◆ **Required work**
Every line below must be copied as written, except for pictures.

◆ **Data block**
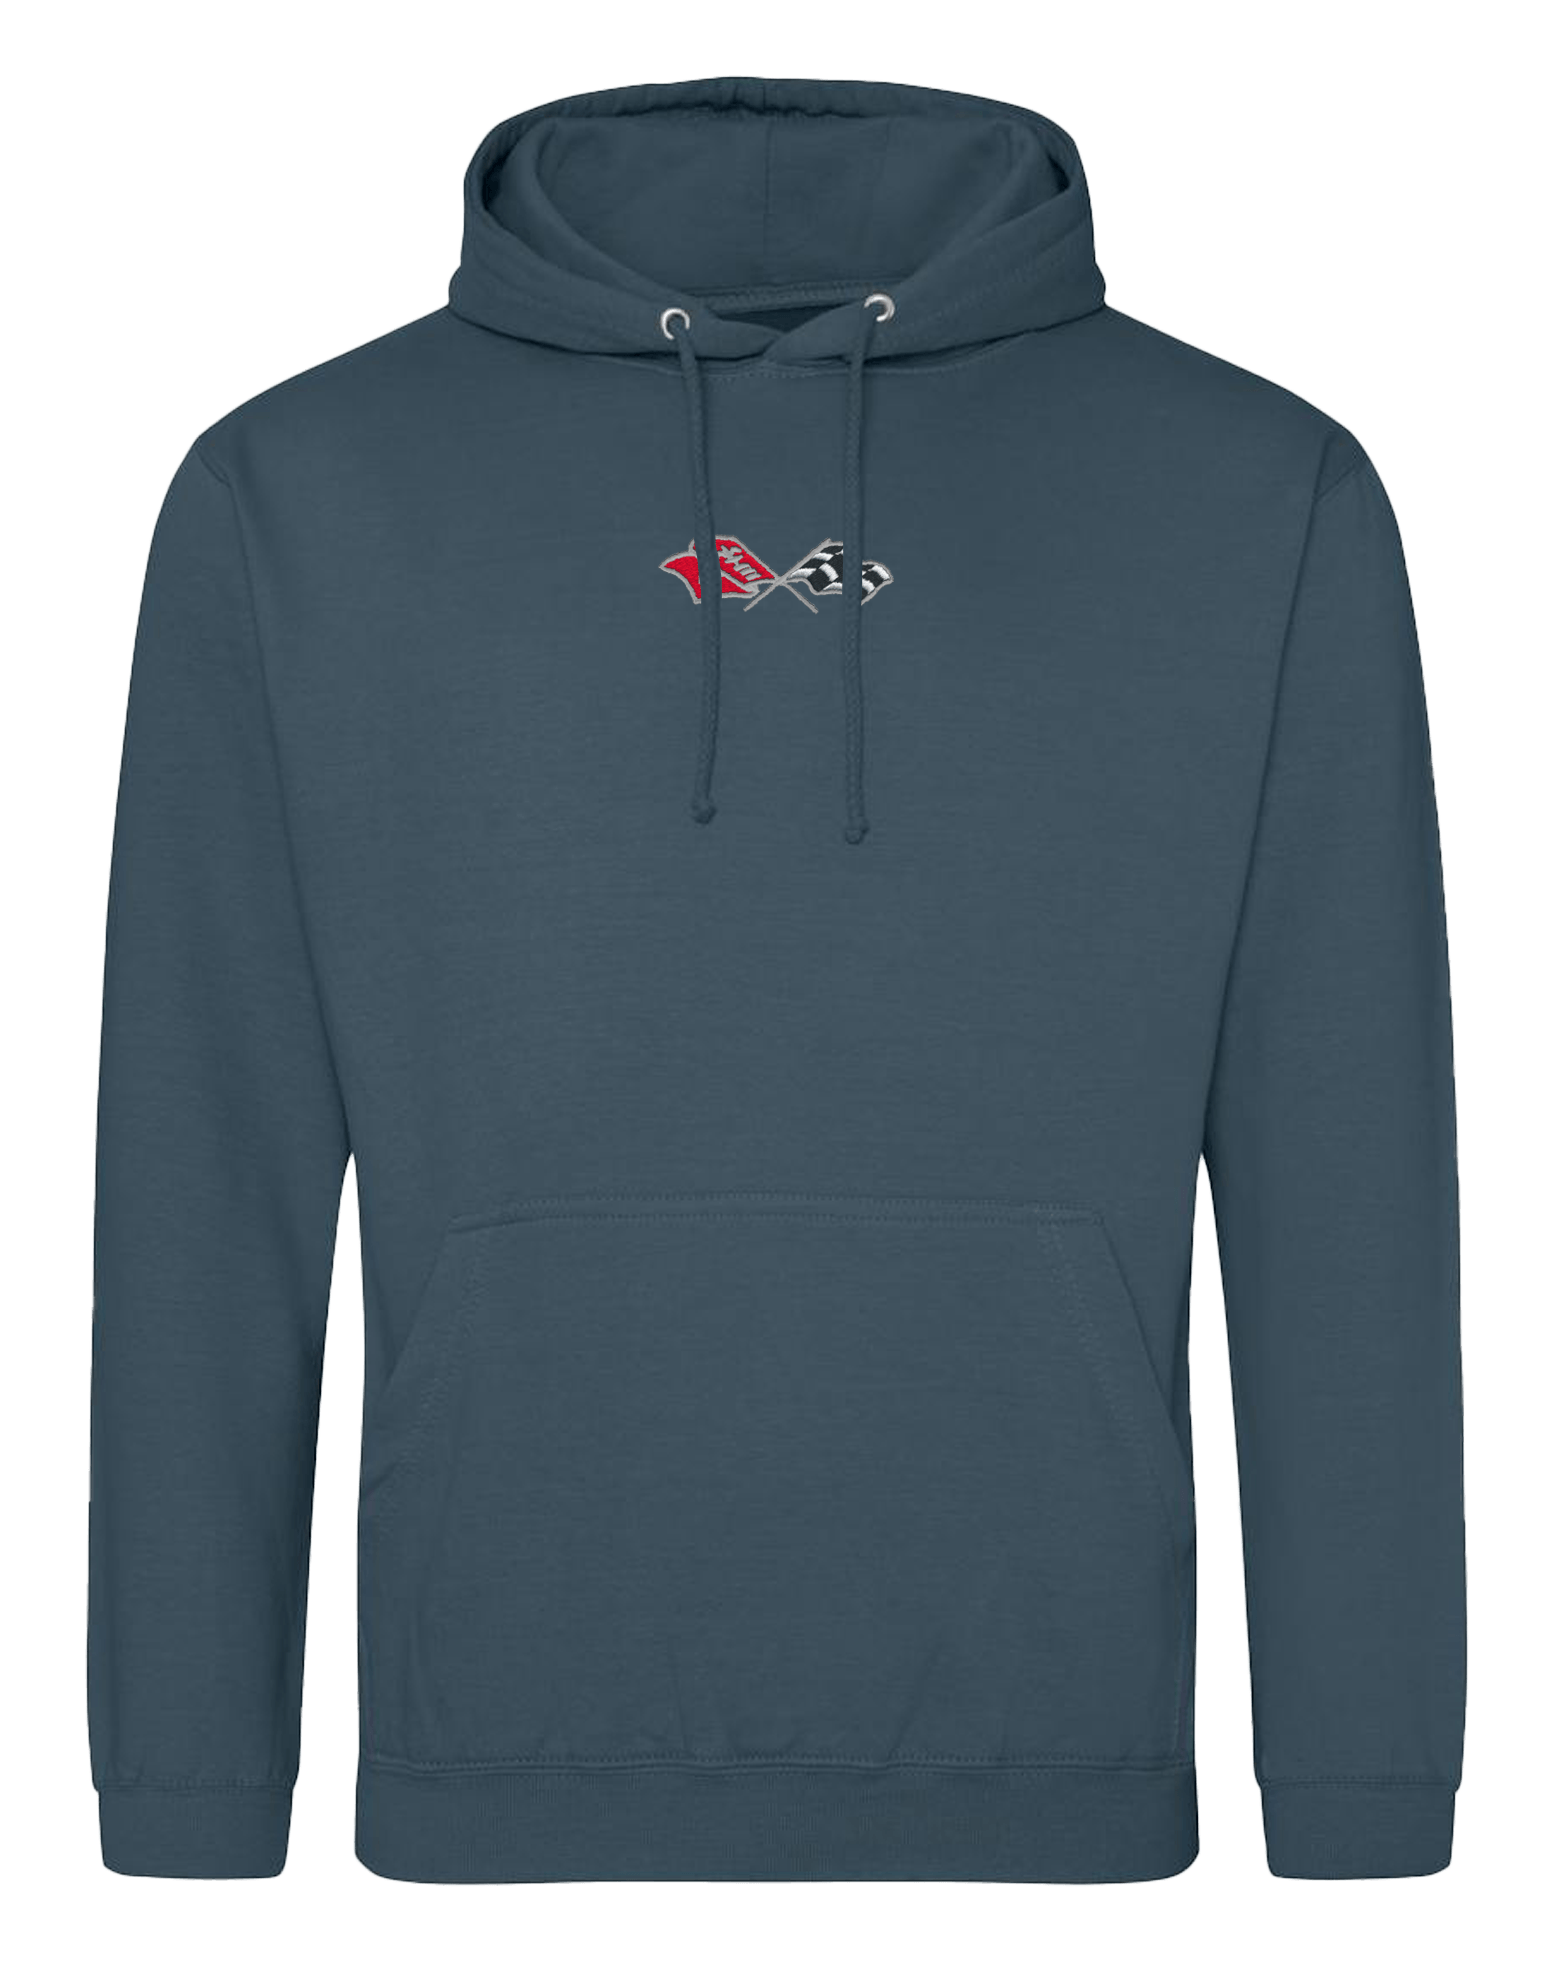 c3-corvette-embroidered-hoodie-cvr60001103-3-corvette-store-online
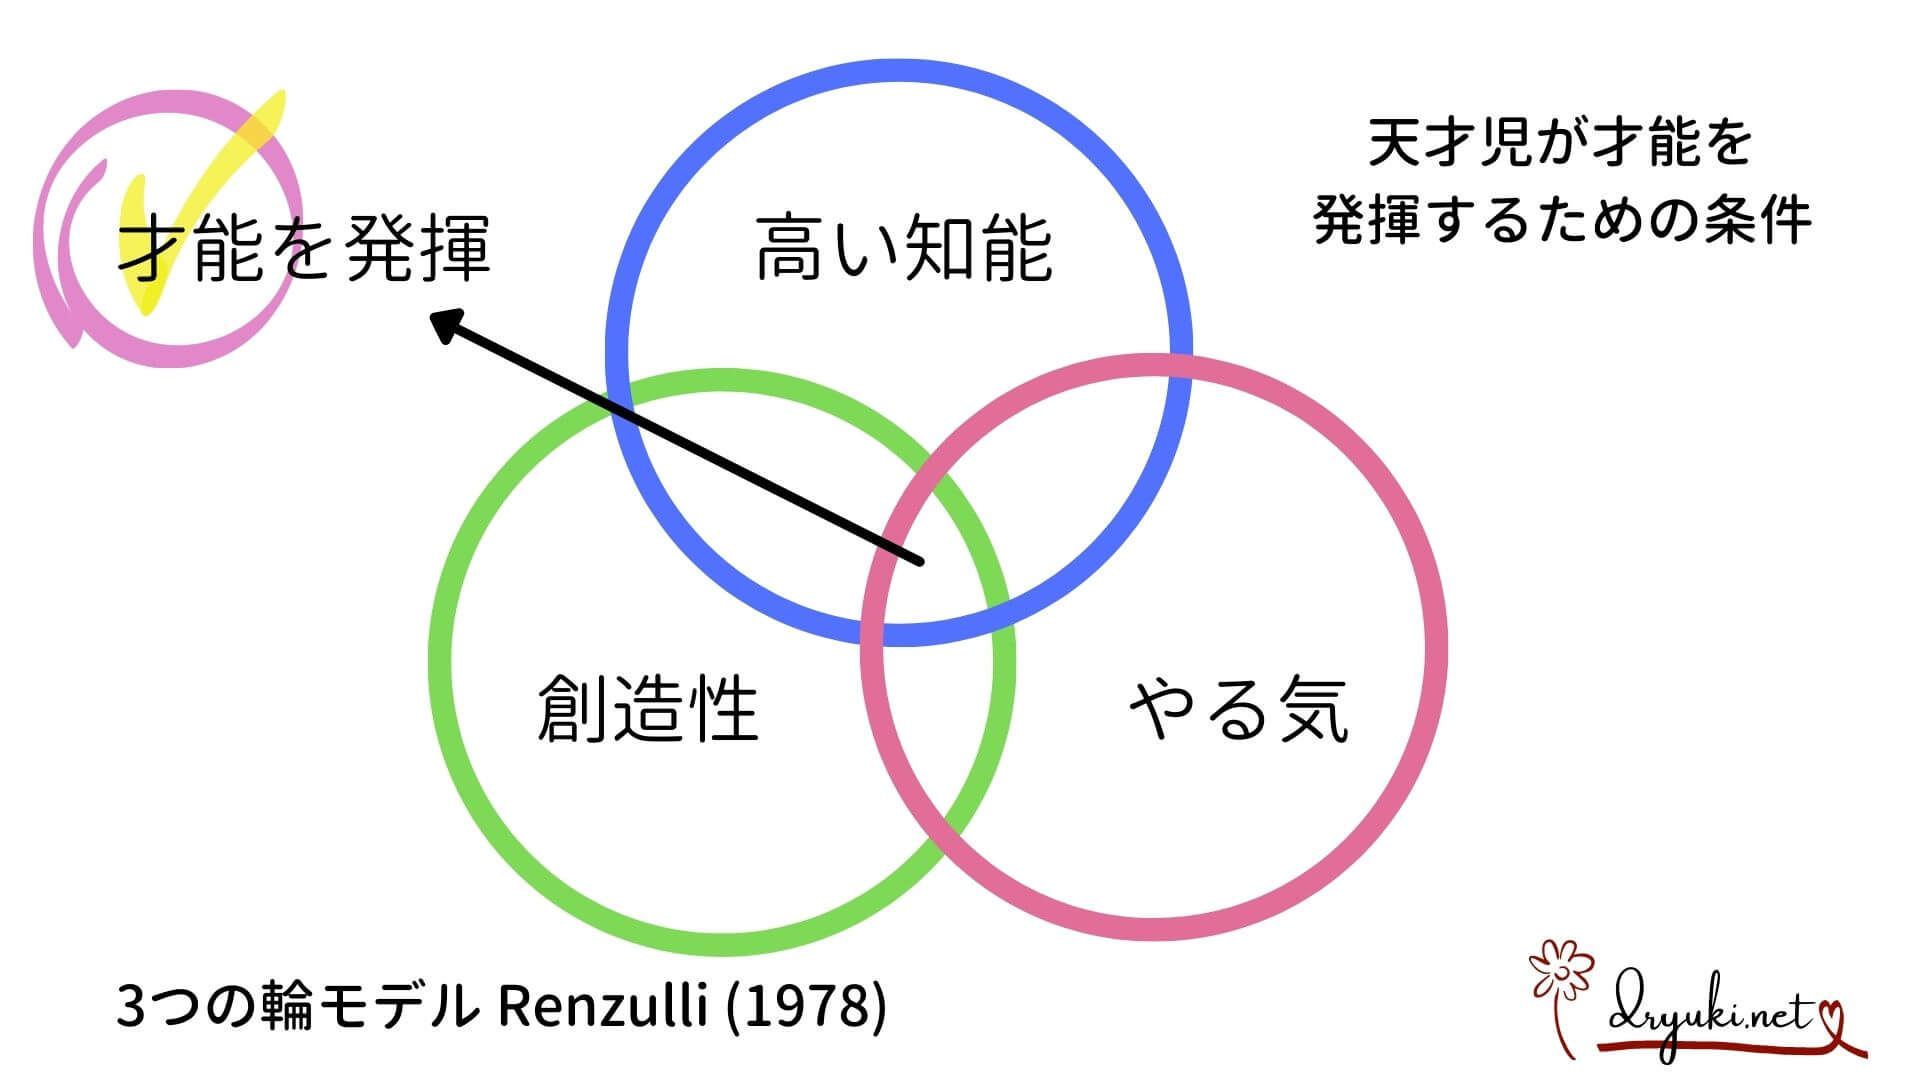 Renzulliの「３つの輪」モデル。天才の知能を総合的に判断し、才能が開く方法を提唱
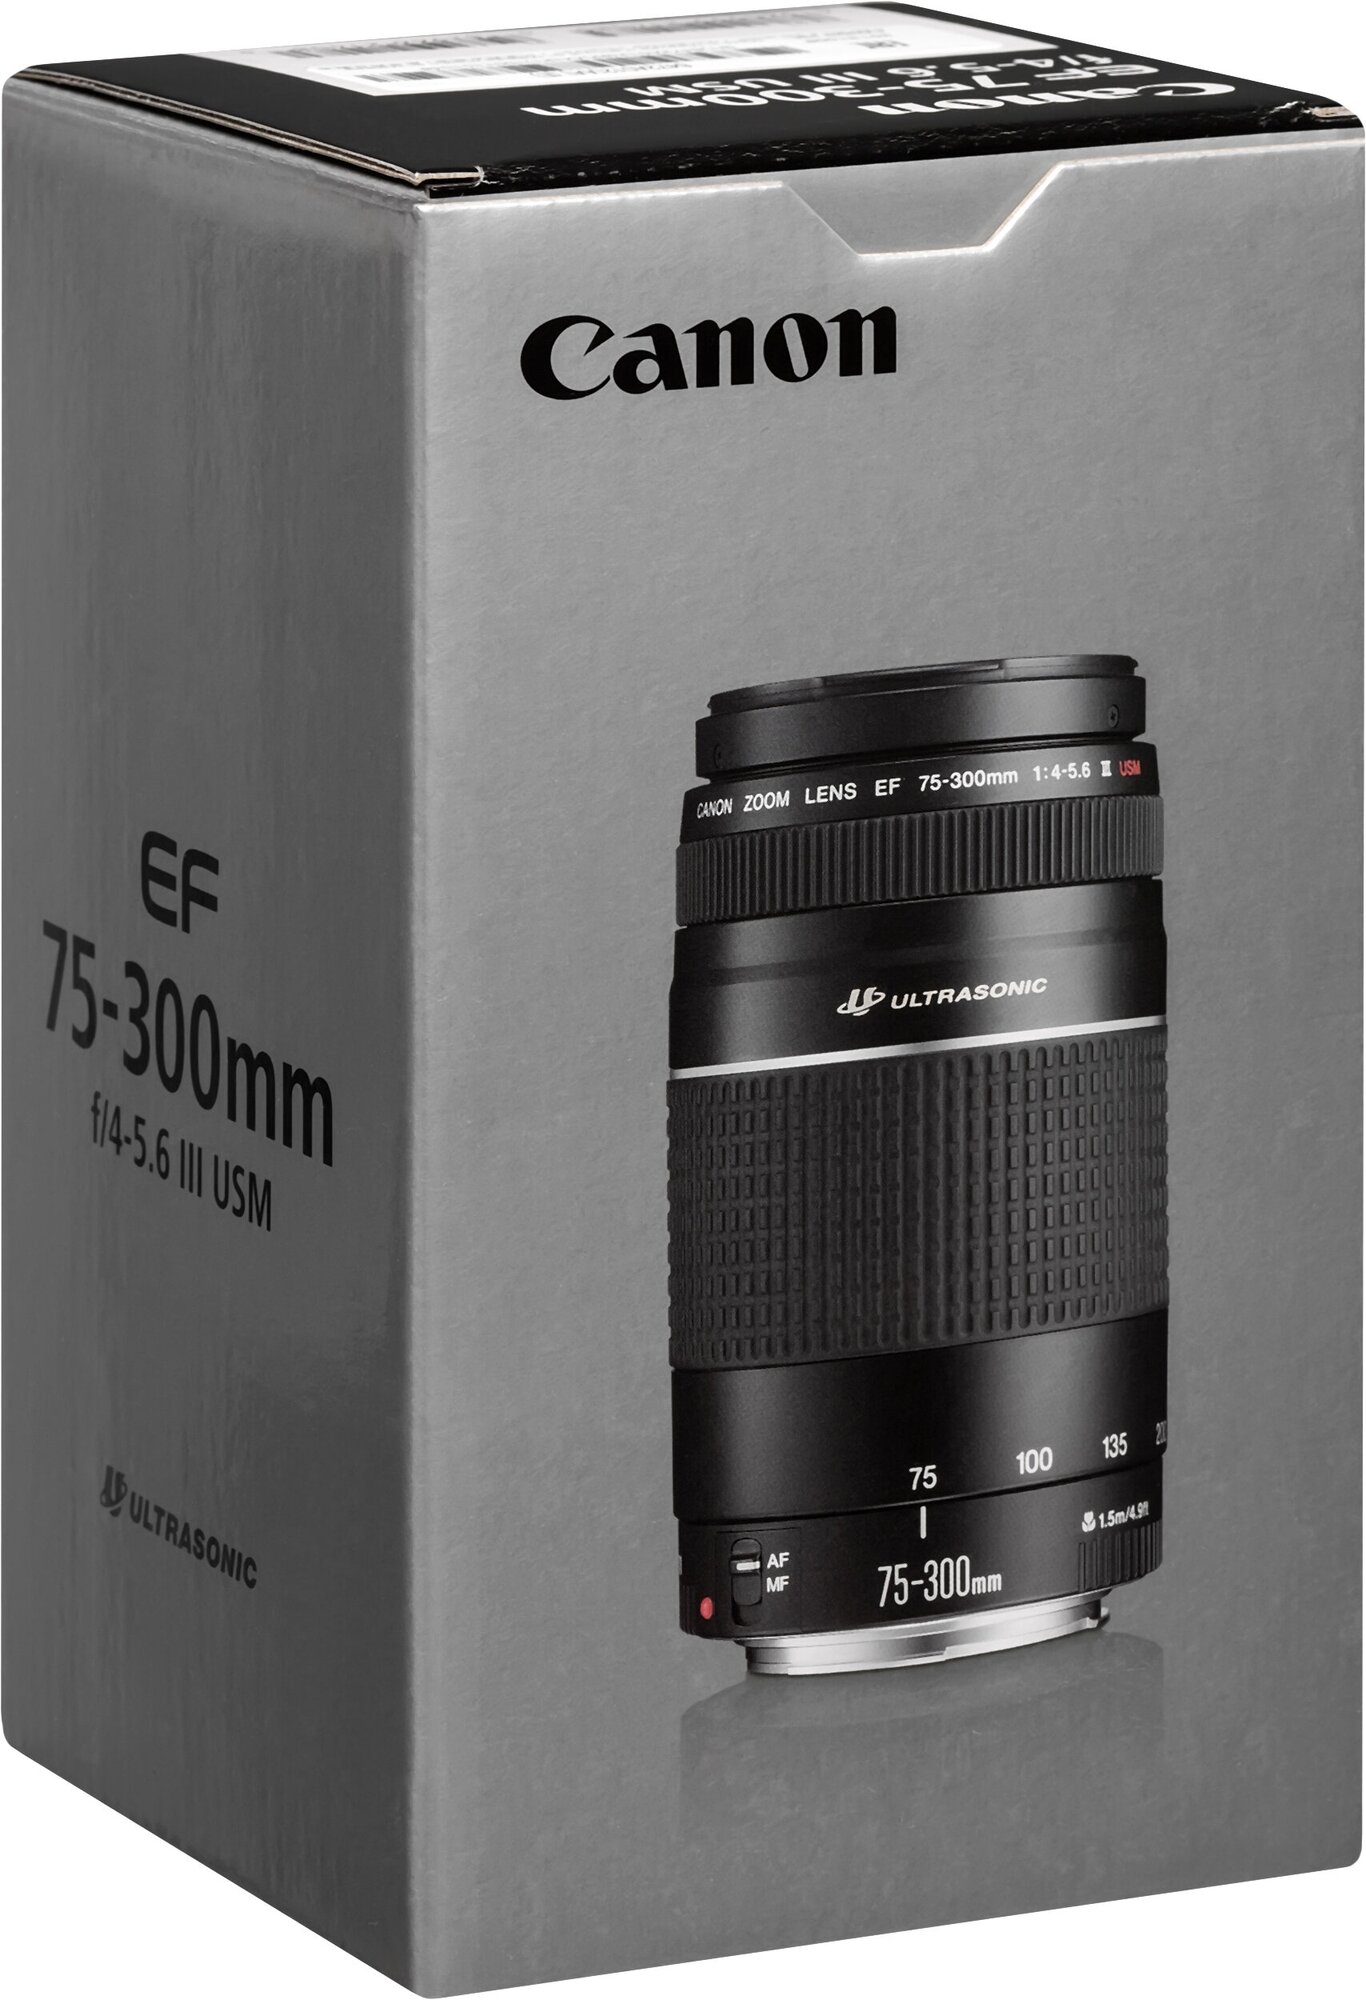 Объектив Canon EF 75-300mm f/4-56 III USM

◆ **Answer for the task**
 c3-corvette-embroidered-hoodie-cvr60001103-3-corvette-store-online
 Renzulliの「３つの輪」モデル。天才の知能を総合的に判断し、才能が開く方法を提唱
 Объектив Canon EF 75-300mm f/4-56 III USM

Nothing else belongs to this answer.